7 Types of Neural Network Activation Functions


7 Types of Neural Network Activation Functions: How to Choose?

Neural network activation functions are a crucial component of deep learning. Activation functions determine the output of a deep learning model, its accuracy, and also the computational efficiency of training a model—which can make or break a large scale neural network. Activation functions also have a major effect on the neural network’s ability to converge and the convergence speed, or in some cases, activation functions might prevent neural networks from converging in the first place.

What is a Neural Network Activation Function?

Activation functions are mathematical equations that determine the output of a neural network. The function is attached to each neuron in the network, and determines whether it should be activated (“fired”) or not, based on whether each neuron’s input is relevant for the model’s prediction. Activation functions also help normalize the output of each neuron to a range between 1 and 0 or between -1 and 1.
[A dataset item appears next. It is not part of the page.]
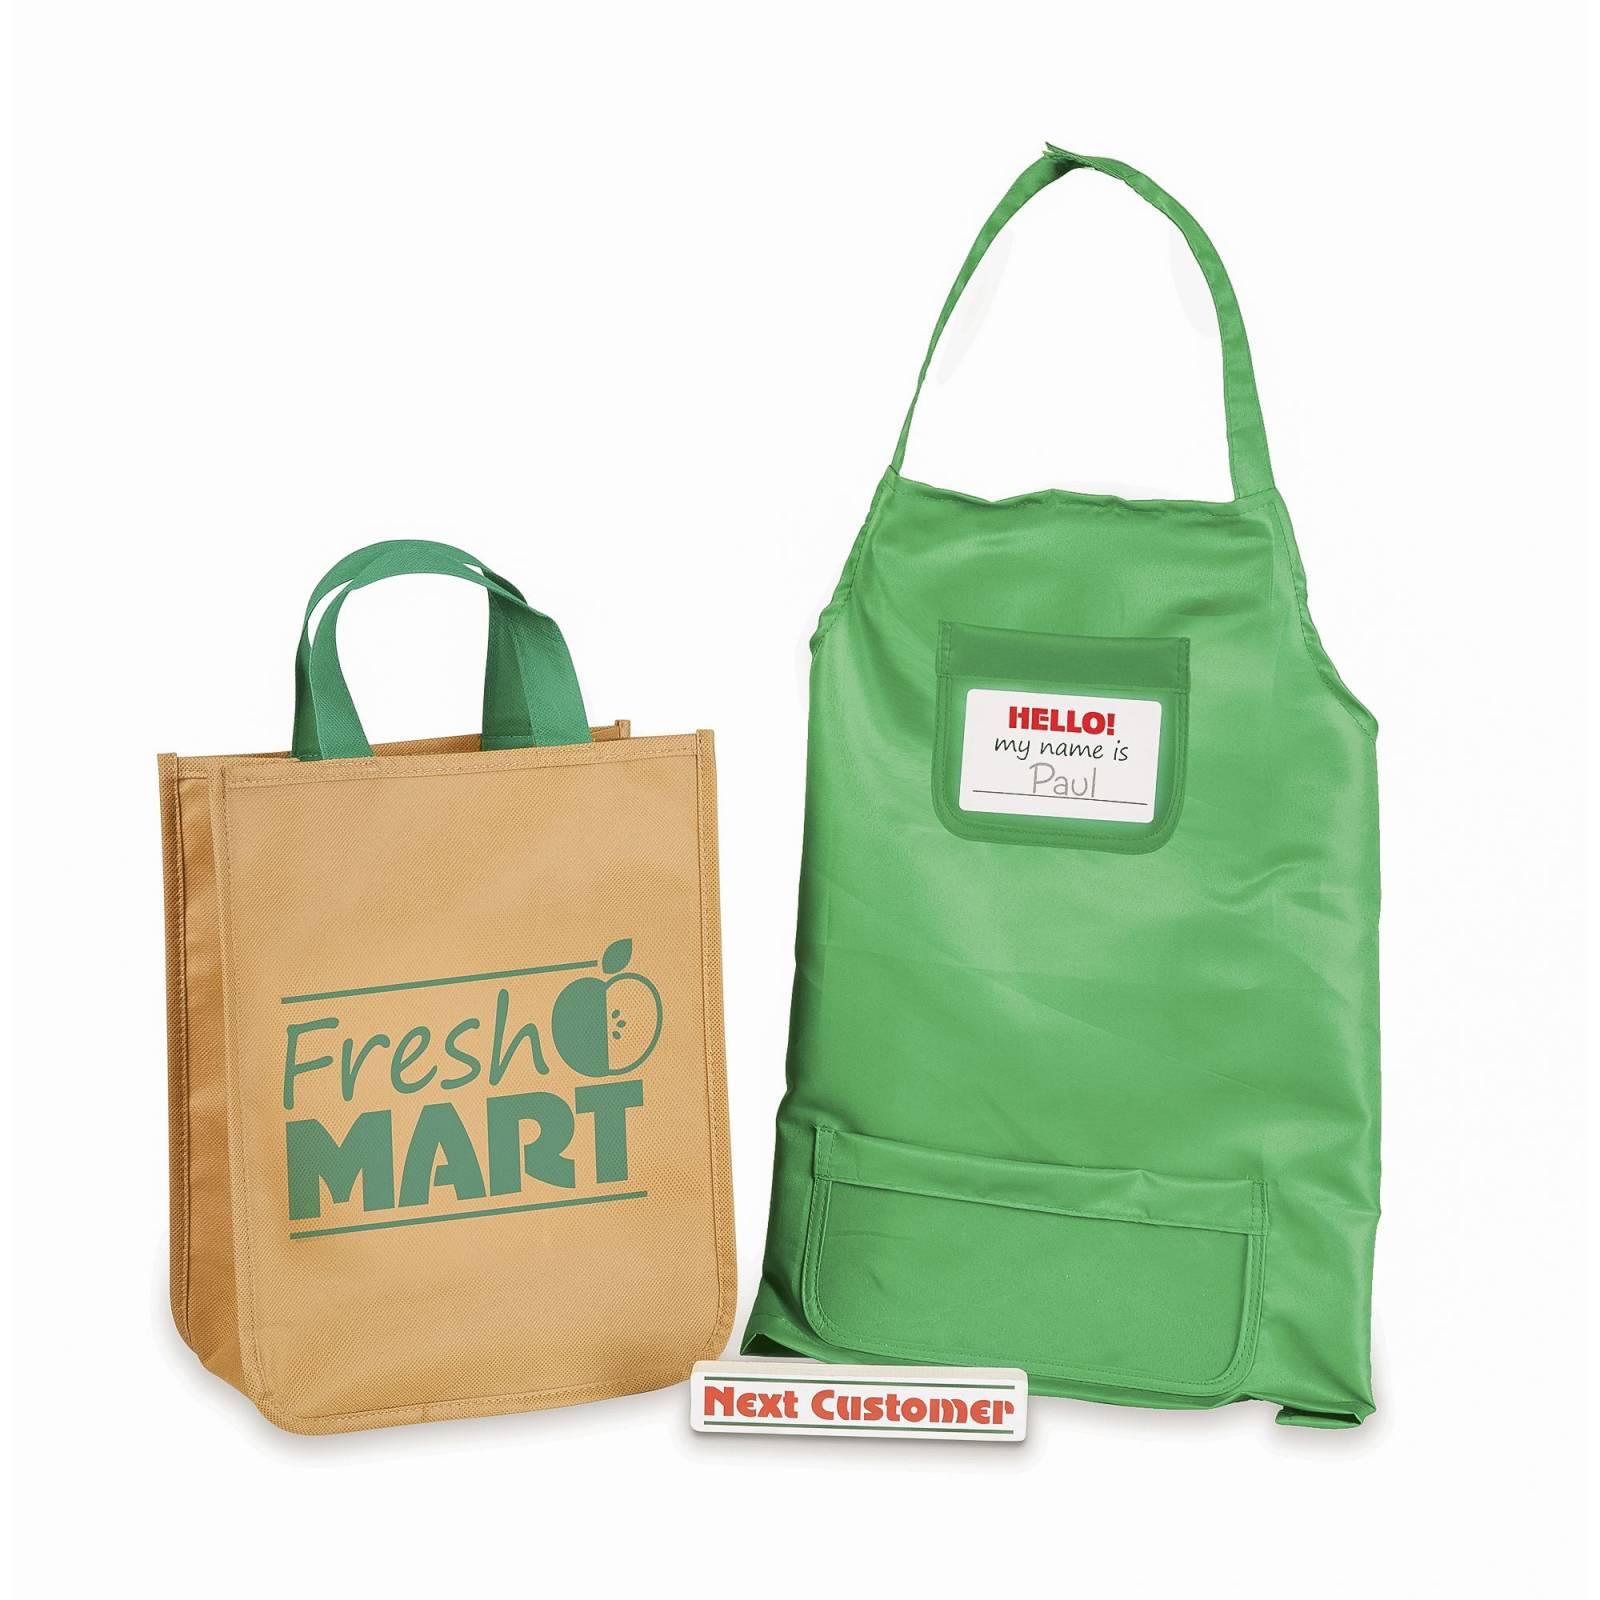 Fresh Mart Grocery Companion Set By Melissa & Doug 3+ thumbnails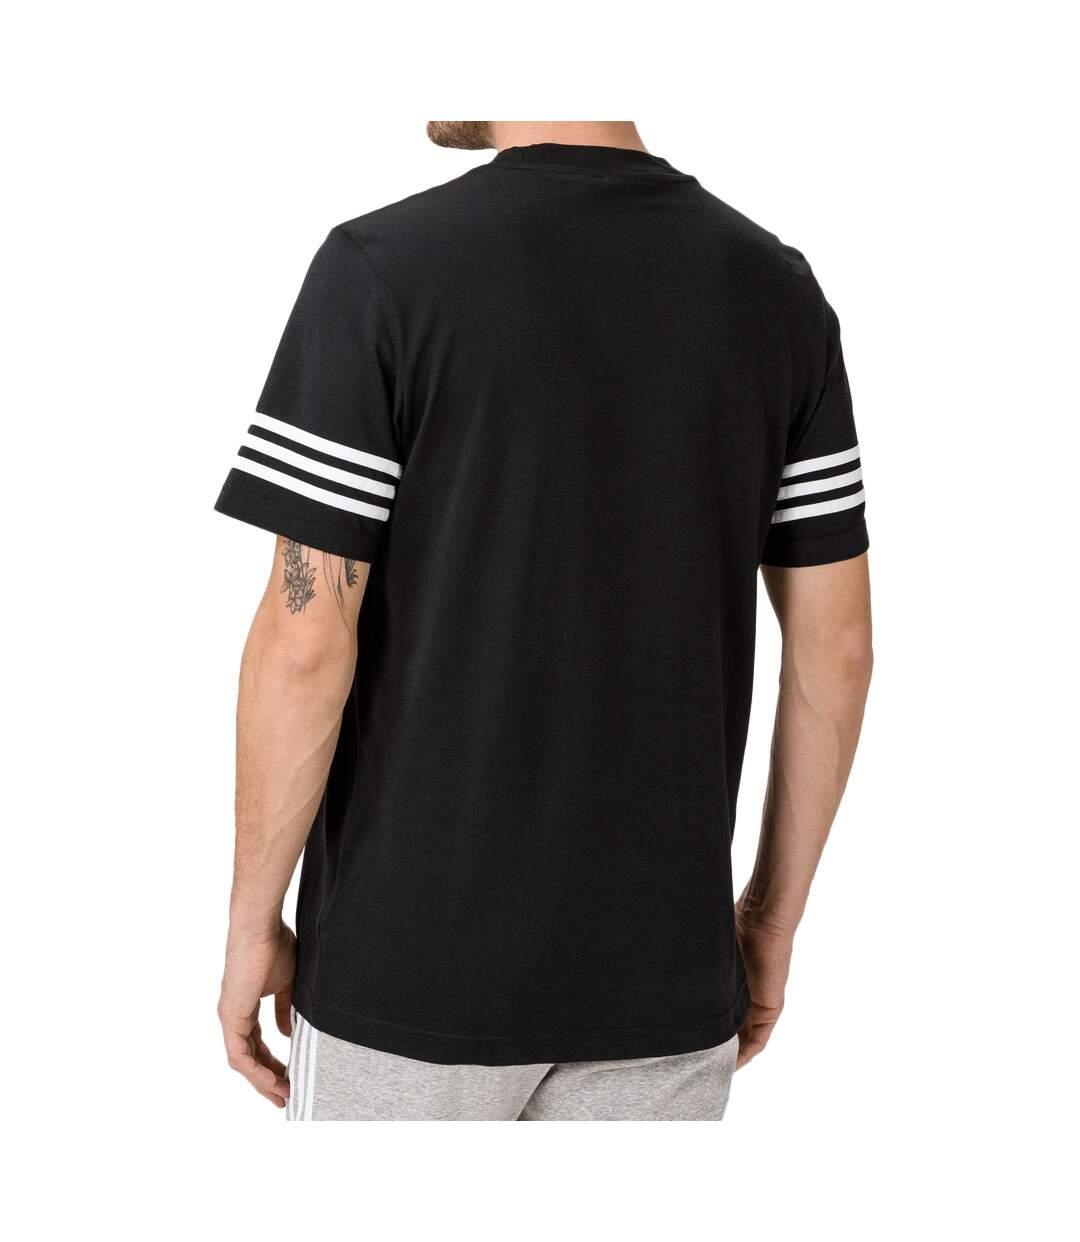 T-Shirt noir homme Adidas Outline Tee

An additional aspect of activation functions is that they must be computationally efficient because they are calculated across thousands or even millions of neurons for each data sample. Modern neural networks use a technique called backpropagation to train the model, which places an increased computational strain on the activation function, and its derivative function.

The need for speed has led to the development of new functions such as ReLu and Swish (see more about nonlinear activation functions below).

What are Artificial Neural Networks and Deep Neural Networks?

Artificial Neural Networks (ANN) are comprised of a large number of simple elements, called neurons, each of which makes simple decisions. Together, the neurons can provide accurate answers to some complex problems, such as natural language processing, computer vision, and AI.

A neural network can be “shallow”, meaning it has an input layer of neurons, only one “hidden layer” that processes the inputs, and an output layer that provides the final output of the model. A Deep Neural Network (DNN) commonly has between 2-8 additional layers of neurons. Research from Goodfellow, Bengio and Courville and other experts suggests that neural networks increase in accuracy with the number of hidden layers.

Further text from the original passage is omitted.